What is needed >> Lines where the string "print" appears are to be copied from the entries below.

Extracted information >>

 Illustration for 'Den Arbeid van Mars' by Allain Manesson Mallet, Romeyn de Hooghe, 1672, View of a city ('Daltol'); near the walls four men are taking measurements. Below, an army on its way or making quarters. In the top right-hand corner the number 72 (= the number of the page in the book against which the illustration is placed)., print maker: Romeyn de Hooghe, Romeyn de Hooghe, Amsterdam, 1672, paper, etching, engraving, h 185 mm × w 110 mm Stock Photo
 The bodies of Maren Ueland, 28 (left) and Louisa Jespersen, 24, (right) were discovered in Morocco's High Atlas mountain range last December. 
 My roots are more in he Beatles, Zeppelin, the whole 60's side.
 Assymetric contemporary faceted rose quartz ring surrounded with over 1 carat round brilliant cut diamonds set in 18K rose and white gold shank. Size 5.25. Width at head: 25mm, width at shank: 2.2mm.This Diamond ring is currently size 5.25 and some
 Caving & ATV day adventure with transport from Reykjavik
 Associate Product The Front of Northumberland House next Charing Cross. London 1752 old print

Finished exercise >>
 Illustration for 'Den Arbeid van Mars' by Allain Manesson Mallet, Romeyn de Hooghe, 1672, View of a city ('Daltol'); near the walls four men are taking measurements. Below, an army on its way or making quarters. In the top right-hand corner the number 72 (= the number of the page in the book against which the illustration is placed)., print maker: Romeyn de Hooghe, Romeyn de Hooghe, Amsterdam, 1672, paper, etching, engraving, h 185 mm × w 110 mm Stock Photo
 Associate Product The Front of Northumberland House next Charing Cross. London 1752 old print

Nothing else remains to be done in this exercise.